Expectations are high for the upcoming Budget to deliver on a number of ambitious promises – from ‘levelling up’ the UK economy to raising long-term growth and improving public services. After more than a decade of dismal pay growth – real-term earnings have only last month returned to levels last reached in 2008 – British workers may wonder whether the Budget will help improve pay.

Today, NIESR published a new report, commissioned by the Office of Manpower Economics. Using a unique set of data on sectoral earnings and wage settlements, the report sheds light on the interaction between public sector pay, directly under the control of Government, and that found in the rest of the economy.
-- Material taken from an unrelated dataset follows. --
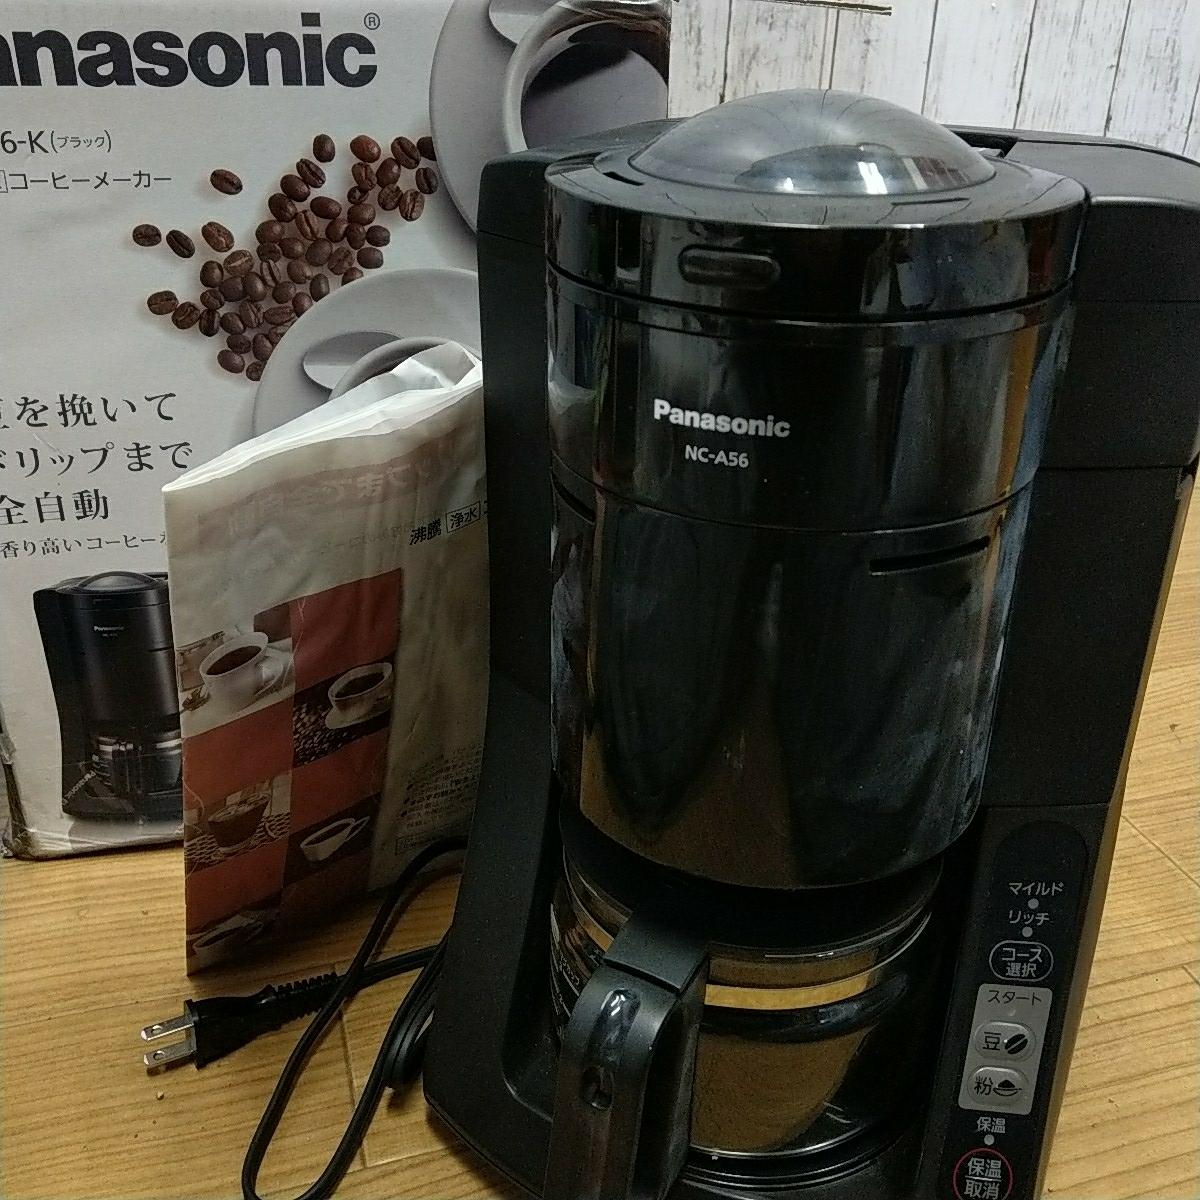 パナソニック 沸騰コーヒーメーカー NC-A56-Aブラック

One fifth of UK employees work in the public sector. The report shows that wages of public sector employees and wages of those working in the private sectors of the economy form a strong long run relationship. In the past, public sector wages set by Government have over time adjusted to wages in the private sector, often within a few years, to maintain this relationship. Updated estimates in Figure 1, constructed using a methodology developed in the report, show that currently public sector wages are around 3 per cent below the level implied by their historical relationship with average wages in the private sectors. This is unsustainable as the Government is now at risk of losing workers to the private sector who will take with them skills it desperately needs to maintain the provision of vital public services. In fact, the report also finds that wage growth can act as an important pull factor to attract labour to flow from other sectors and this holds in particular for the public sector. So that action now may help attract workers from the private sector and meet shortages in certain sectors.

 

 

To give an example, the Government’s ambition is to hire 20,000 new police officers and 50,000 nurses. To encourage individuals to join the police force or the NHS, or to motivate current workers to retire later, pay rises will have to be offered in the upcoming Spring Budget, or in sequels of this year’s fiscal trilogy. This is particularly true given widespread labour shortages, especially in professional service sectors.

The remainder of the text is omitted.